- [AVAILABLE DATA]
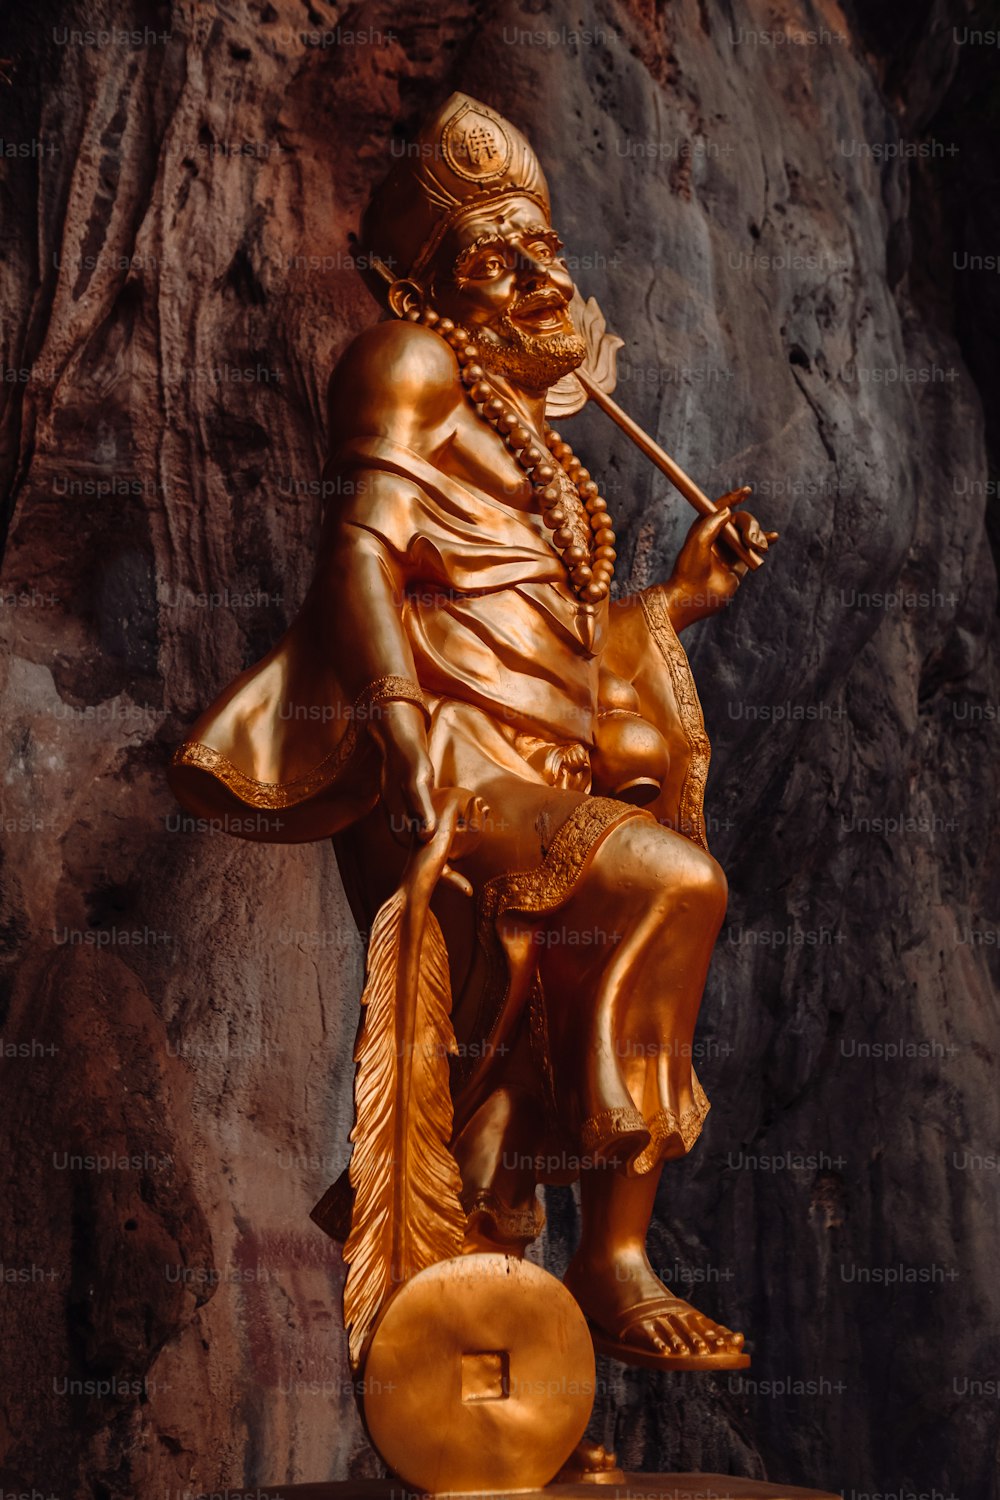 Une statue d’un homme avec une pipe à la main
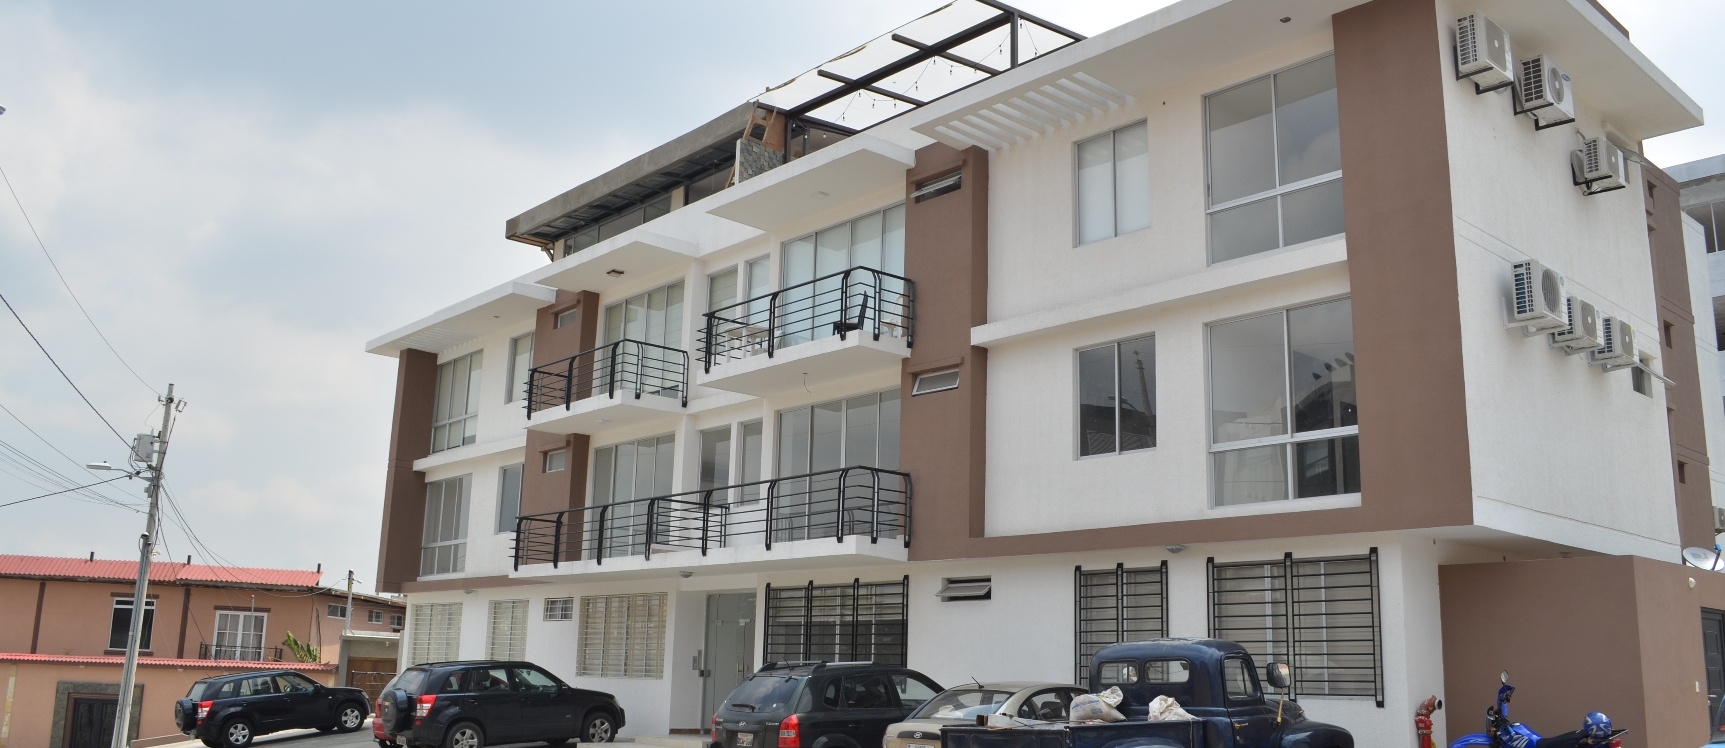 GeoBienes - Departamento en alquiler en Urbanización Santa Cecilia Condominio Budapest - Plusvalia Guayaquil Casas de venta y alquiler Inmobiliaria Ecuador
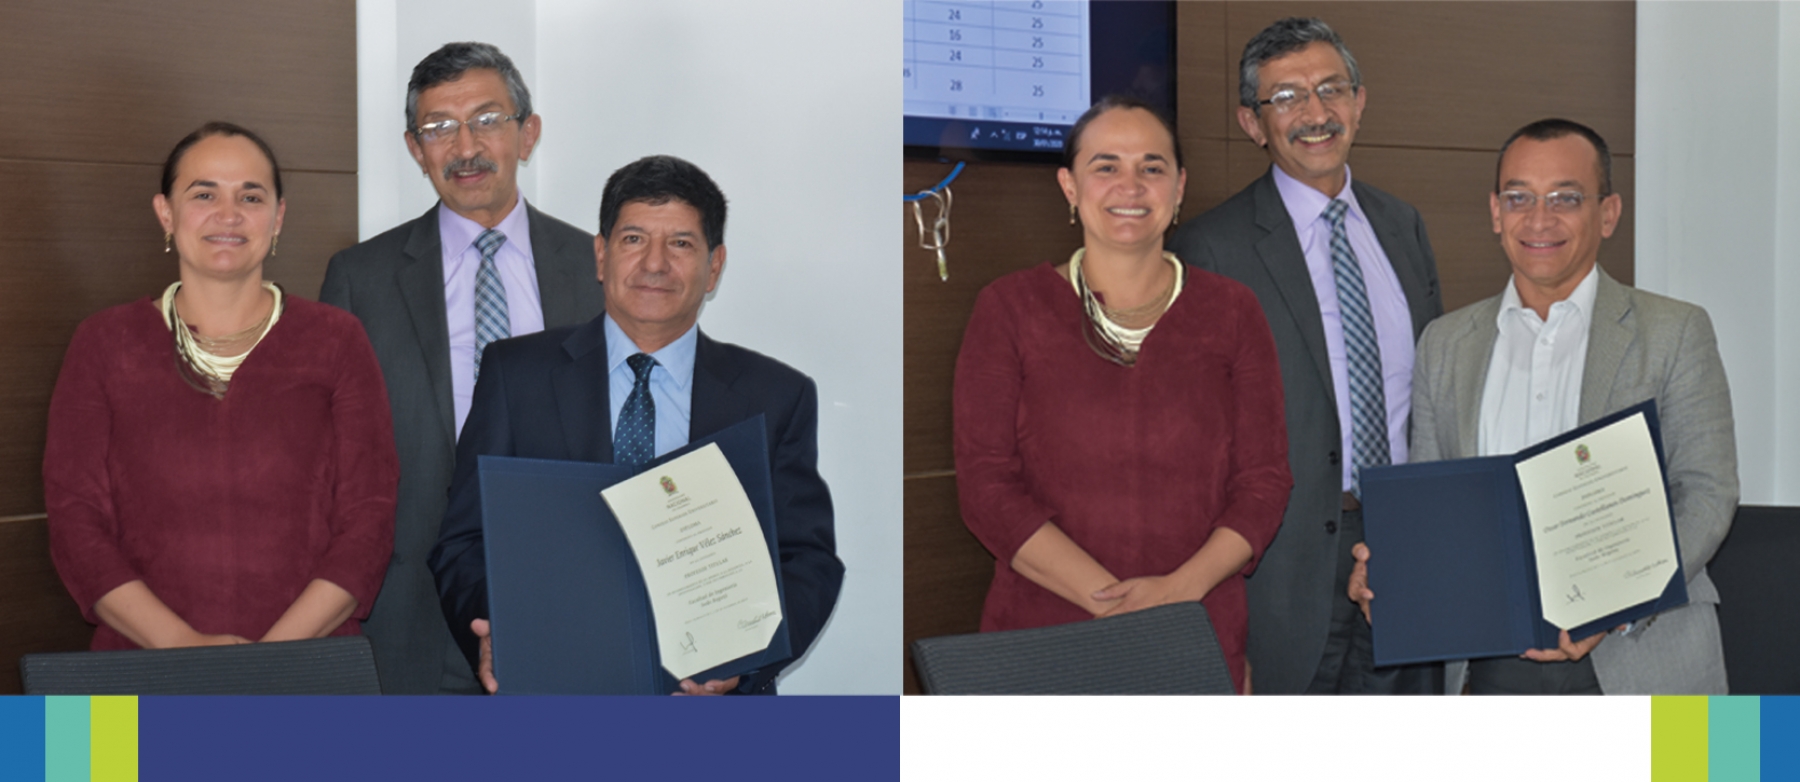 El Concejo de la Facultad de Ingeniería entregó los diplomas en la categoría «Profesor Titular» 2020

- [TASK] Retype the data above exactly; pictures are not part of the copy.

- [YOUR SOLUTION]
 Une statue d’un homme avec une pipe à la main
 GeoBienes - Departamento en alquiler en Urbanización Santa Cecilia Condominio Budapest - Plusvalia Guayaquil Casas de venta y alquiler Inmobiliaria Ecuador
 El Concejo de la Facultad de Ingeniería entregó los diplomas en la categoría «Profesor Titular» 2020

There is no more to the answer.